The Cracks in Membership Collections
Most members with monthly memberships will be honest and diligent about keeping up with their payments. However, inevitably, studio owners will encounter customers who:
- Have stolen, lost of expired credit cards and don’t realize or remember that they need to update their payment information with you.
- Drift away, move away, or choose for whatever reason to stop paying and don’t intend to ever catch up their payments.
- Experience financial difficulties and don’t realize that their payment has been declined due to insufficient funds.
- Purposefully close their account or cancel their credit care to avoid paying.
- Disagree with your cancellation policy and refuse payment.
Here’s how to eliminate unpaid visits and delinquent memberships for good!
Solution Part 1: Require Payment Before Booking!
This is one of Punchpass’s most popular features, and its value is even more clear when your students are taking class online.
With Punchpass + Stripe, you can always require up-front payment by requiring an active pass to book. Additionally, you can limit the number of class reservations clients can make to number of passes purchased.
Once these settings are in place, the system will take care of making sure your students pay before they can book. It’s easy for your students, and easy for you.

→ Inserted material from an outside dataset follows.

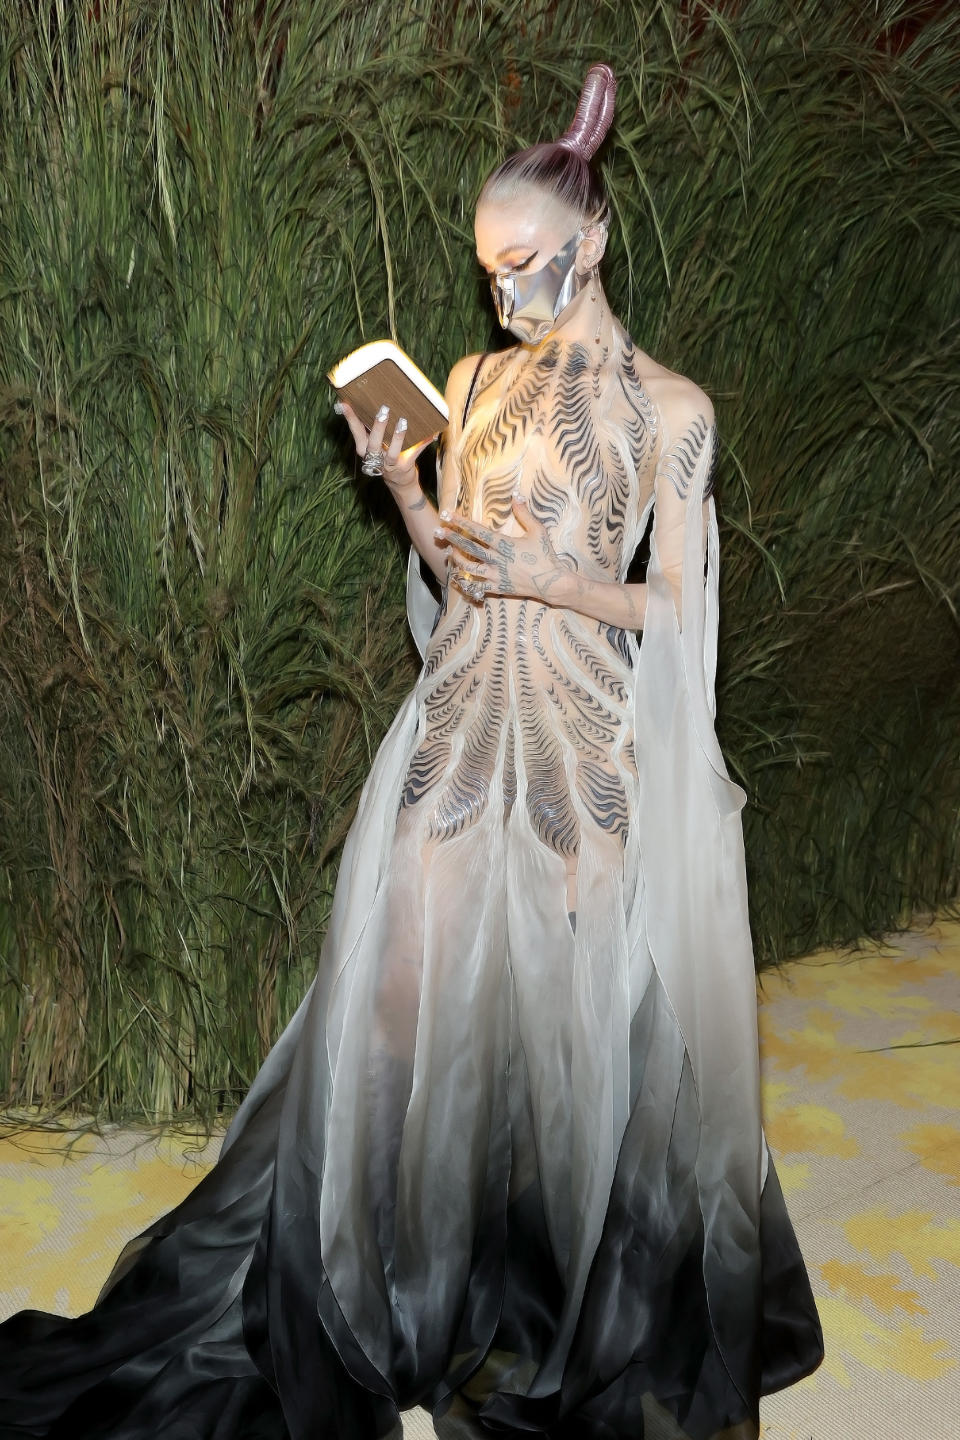 Grimes reads from the book, which is glowing with light

Make technology work for you!
Solution Part 2: Catch Drop-Ins Right During Sign-In
There will always be drop-ins. It’s easy to sell students passes during sign-in.

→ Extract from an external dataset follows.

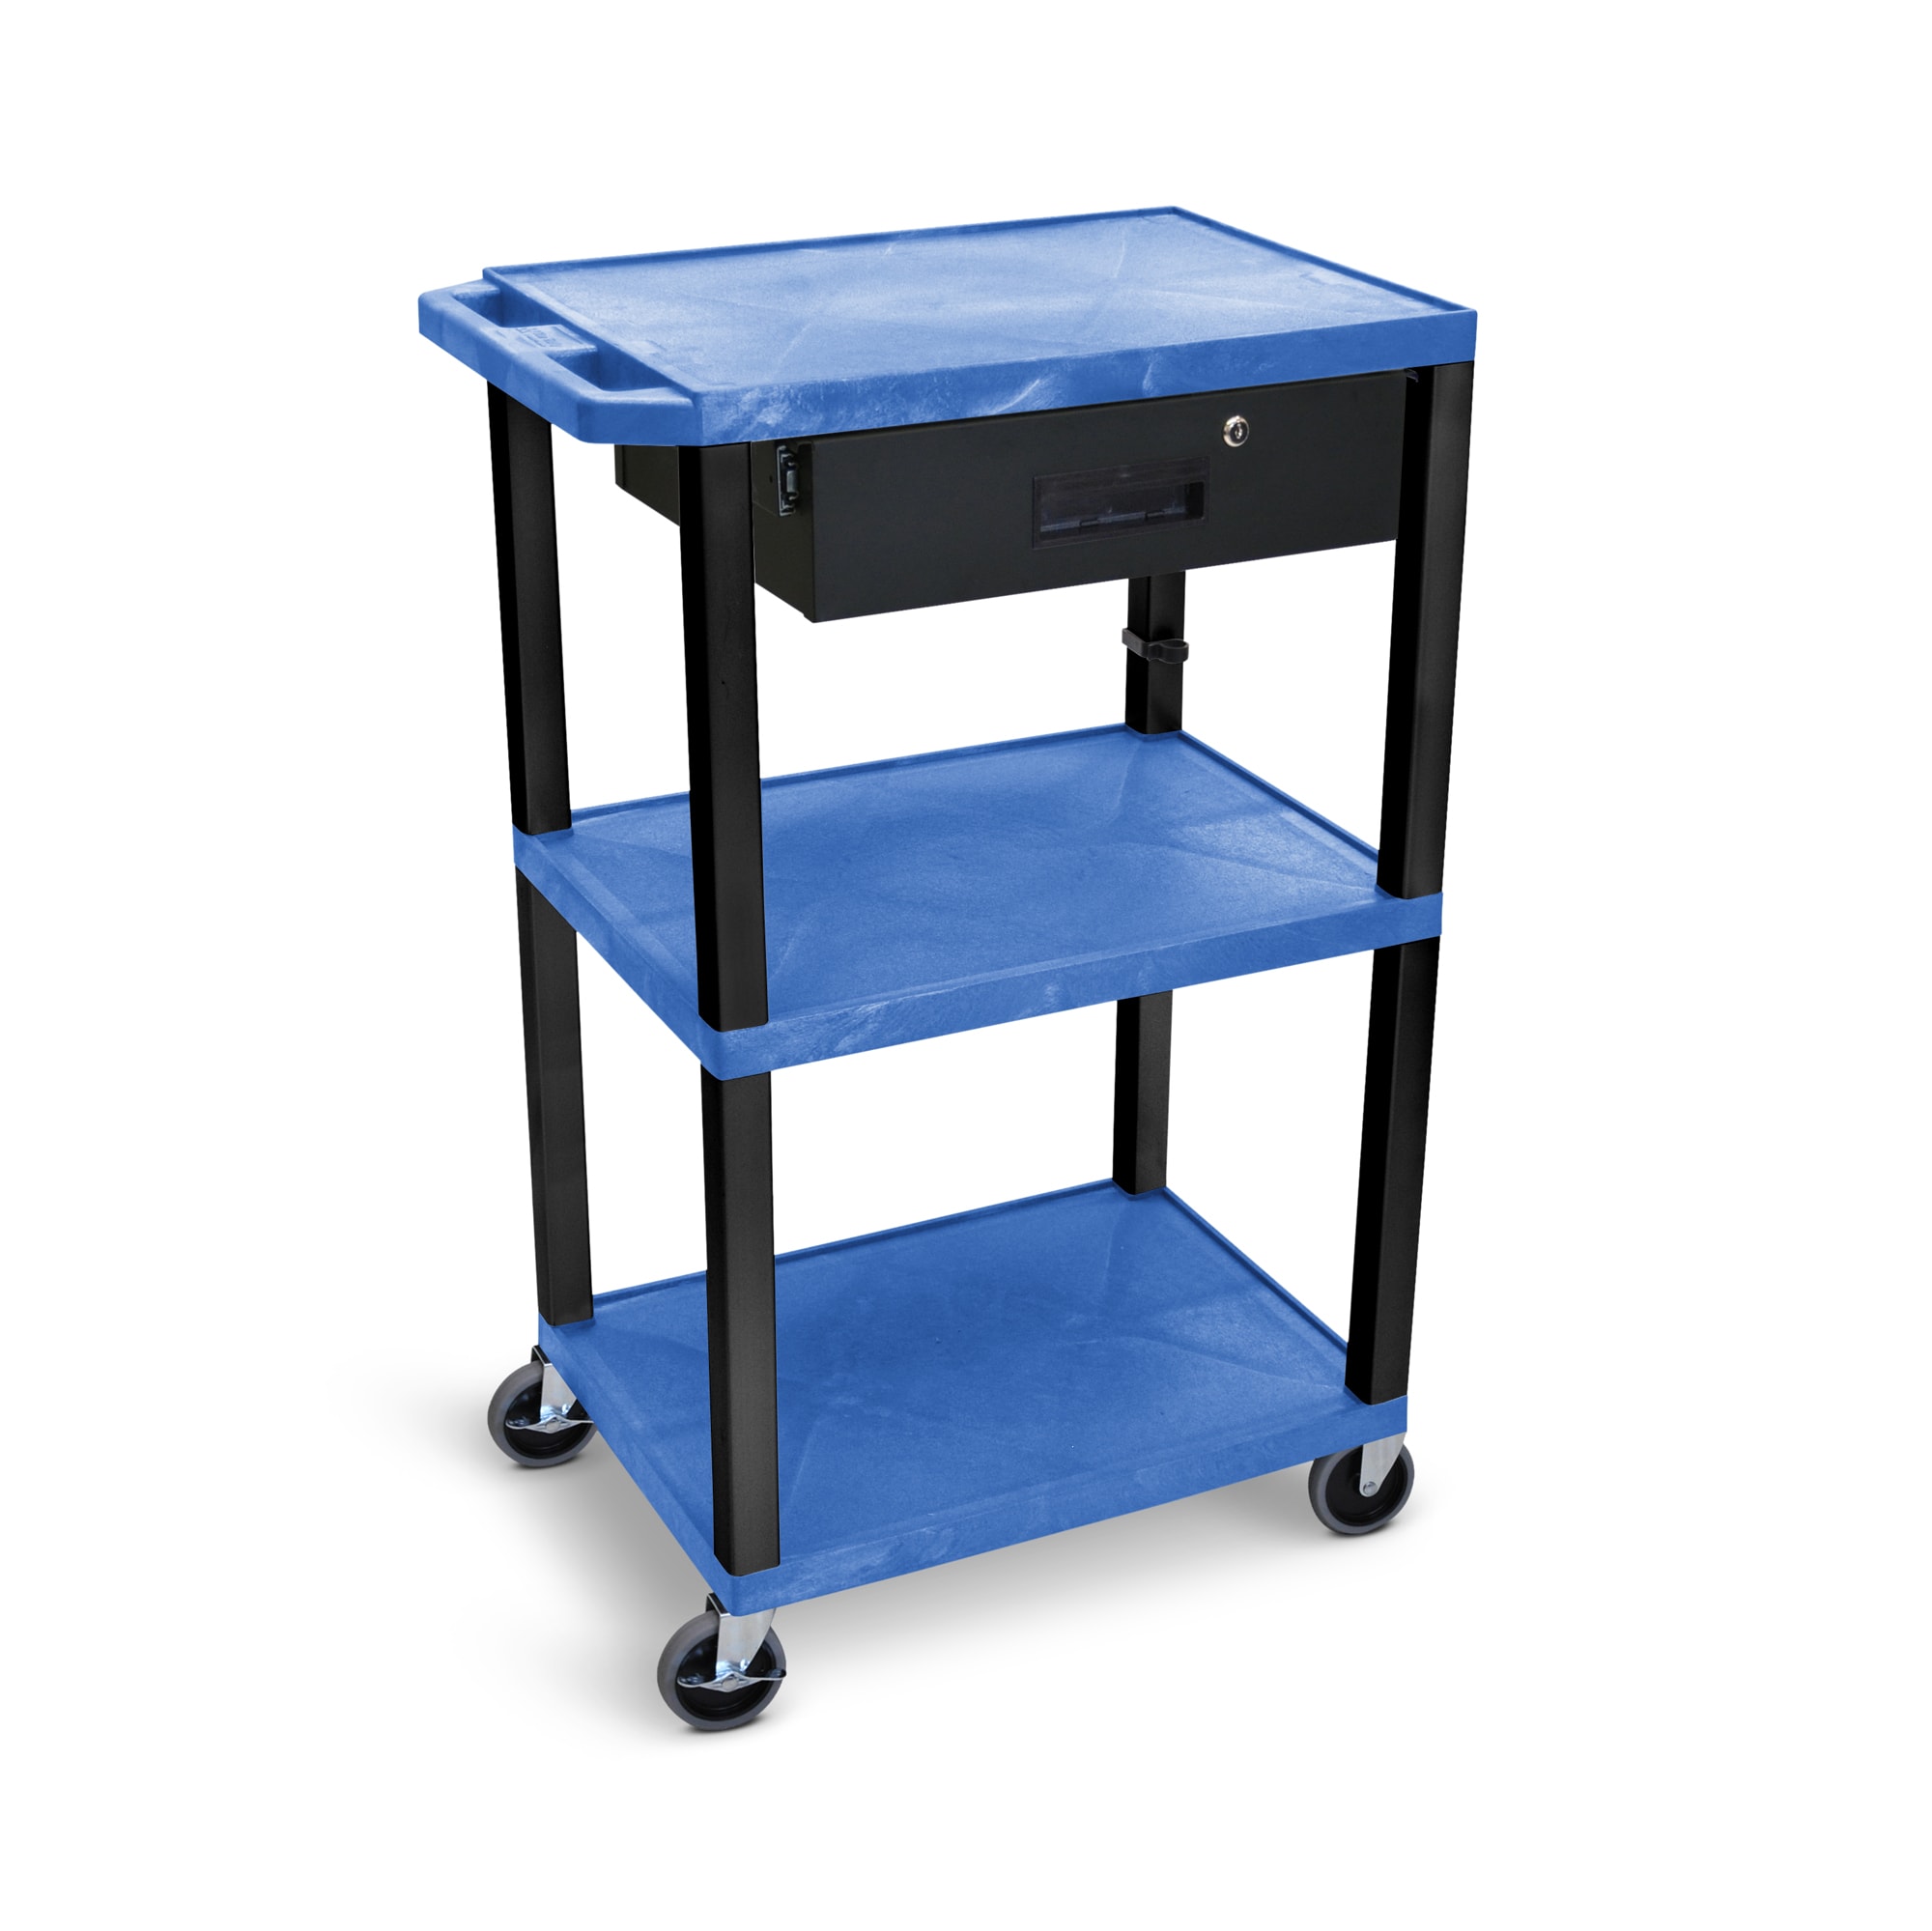  Rubbermaid Commercial Products Heavy Duty 3-Shelf Rolling  Service/Utility/Push Cart, 200 lbs. Capacity, Black, for  Foodservice/Restaurant/Cleaning/Workplace : Office Products

When hosting live classes through Punchpass’ Zoom integration, make sure you see list of the names imported from Zoom so that you can check them against your class roster of paid students.
If class is in person, consider setting up Punchpass’s customer self check in feature (make sure if you do so when COVID-19 cases are present in your community that you wipe down the device with sanitizer between uses). When customers select their name to sign in for class, they will be alerted if they have used up all their class passes or missed a recent membership payment. They can discreetly correct this on their own.

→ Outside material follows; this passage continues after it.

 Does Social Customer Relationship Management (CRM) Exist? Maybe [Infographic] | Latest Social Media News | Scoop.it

Solution Part 3: Follow Up Quickly After Class
If someone attends without paying, you are still golden if you follow up using Punchpass’ reporting and requesting payment by email. You can also use paylinks for a quick follow up after class.
Solution Part 4: Stay on Top of Memberships
Some of your students probably have recurring memberships, and you’ll want to be sure no one lapses.
After Stripe tries 3 times to collect payment for a membership (and fails), that membership is marked unpaid in Punchpasss and we email you so you can follow up. So watch your email inbox for notices that an autopay member’s credit card payment wasn’t processed. Be sure to reach out to the customer immediately to avoid unpaid classes, confusion for the customer and your instructors when the customer tries to sign in for his or her next class, and to avoid multiple month of missed payments, which are nearly impossible to collect.
Check your Punchpass Membership Report regularly to see which auto-paying members may have missed a payment. The report is set up so that you can click the member’s name and immediately see how much they owe, their contact information for reaching out and why their credit card was declined (there’s a big difference in how you would speak to someone whose card expired versus someone whose payment was returned for insufficient funds, for example).
The bottom line: There’s very little if any upside to allowing your customers to sign in to your classes without paying – whether in-person or online. If you’re using fitness business software to manage class sign in and online bookings, requiring customers to have a paid visit to use for the class is not only a no-brainer, but it could save you a ton of money and improve both your staff’s and customers’ satisfaction.